Iowa Might Join 14 States in Allowing Room Cameras in Nursing Homes

Iowa nursing homes may see cameras in resident rooms – with state legislators progressing a bill on the matter.

The legislation will allow the use of “granny cams” despite many operator misgivings, providing families with a video feed of activity inside a resident’s room, according to a report published in the Iowa Capital Dispatch.

Fourteen other states currently allow surveillance cameras in some capacity, although regulations vary from state to state. In states without firm laws on cameras, operators are generally allowed to make their own rules involving the use or prohibition of cameras in resident rooms, with legal or regulatory guidance from the state legislature.


Back in 2018, nursing home operators called “granny cams” a legal minefield for the skilled nursing space. Families installing cameras in sensitive areas can open the door to a variety of legal problems, including the violation of federal wiretapping laws, lawyer Tim Ford said at the time. Ford is a partner at Einhorn Barbarito Frost & Botwinick law firm in New Jersey.

While extreme, federal wiretapping laws could apply if residents or staff are overheard discussing sensitive, non-care-related issues by family members from multiple states away. The resident and loved one could be in two different states, with different jurisdictions.

In Iowa, a three-member House Health and Human Services Appropriations subcommittee on Tuesday unanimously agreed to forward the bill for consideration by the full committee.


State associations including the Iowa Health Care Association (IHCA) have opposed the bill for the past several years, but in late 2023 took a neutral position on the legislation, the Dispatch found.
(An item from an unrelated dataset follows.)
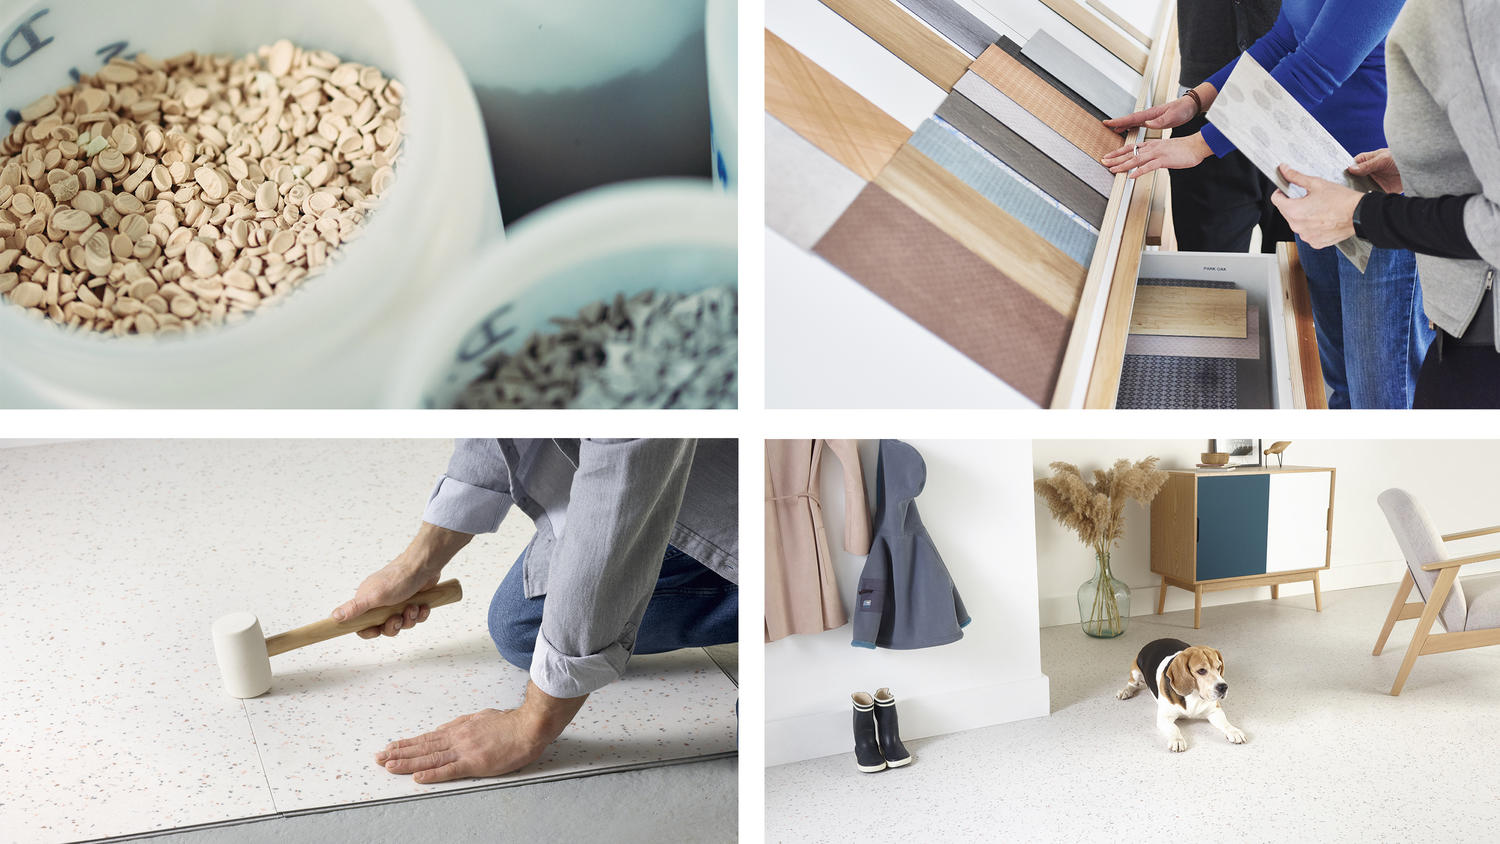 From cradle to use, see how our flooring are designed, installed and used for quality living.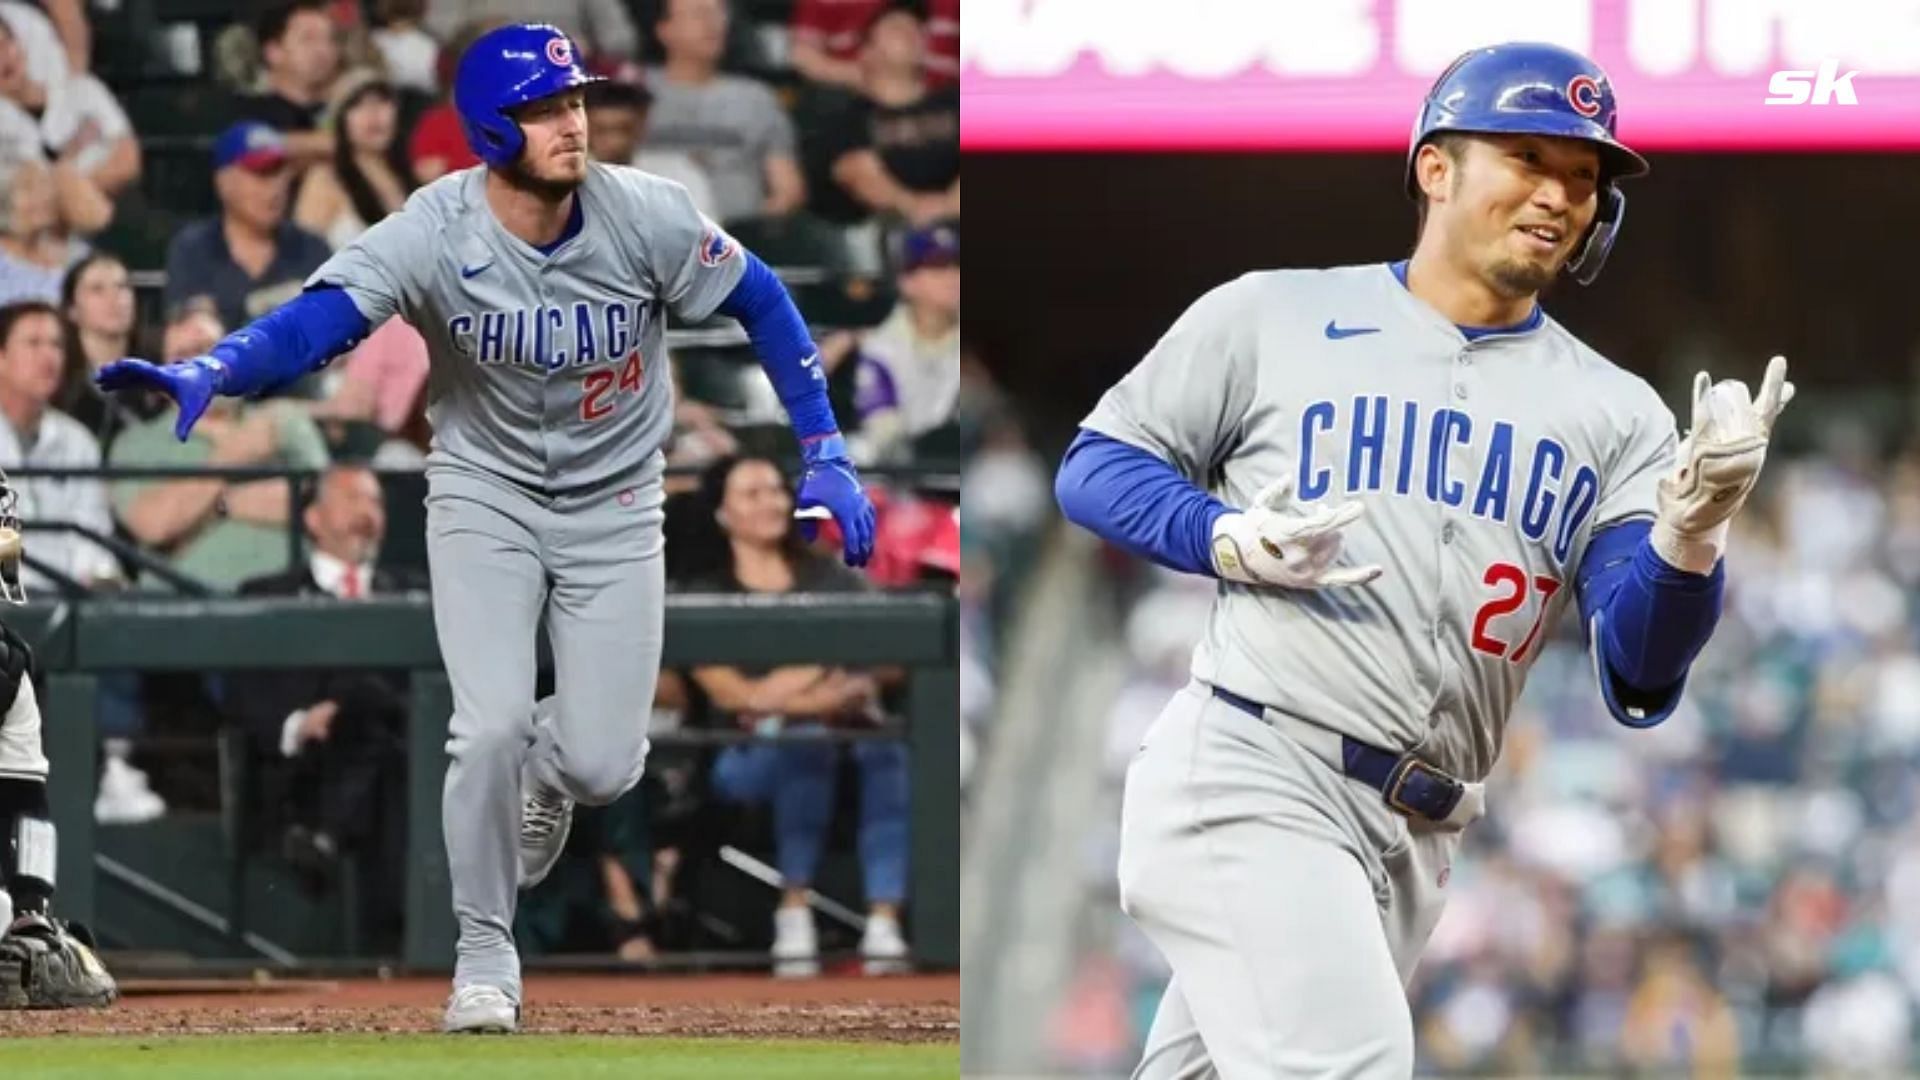 Cubs News: Cody Bellinger and Seiya Suzuki could be back in lineup as early as next week, per manager Craig Counsell

Brent Willet, CEO of the IHCA, said association leaders are currently organizing their thoughts on the matter and want the opportunity to work with legislators as the process unfolds.

“IHCA and its members are committed to working alongside policymakers to ensure high-quality long-term care is provided to all who need it, and IHCA is willing to consider any policy that advances that shared mission while ensuring the privacy and dignity of everyone receiving care,” Willett said in a statement.

Prior to 2023, IHCA wanted to “kill [the bill] before it even gets any legs” IHCA lobbyist Merea Bentrott said in May 2023, the Dispatch reported.

Some legislators have had their misgivings as well – Rep. Timi M. Brown-Powers expressed concern around patient dignity and privacy, while also acknowledging that it was unclear whether video from such devices would be routed to residents’ families or to care facility personnel.

Supporters of the bill, including Rep. Brooke Boden, said the cameras could protect not just residents but also workers in nursing homes, when issues arise that might unfairly implicate a caregiver.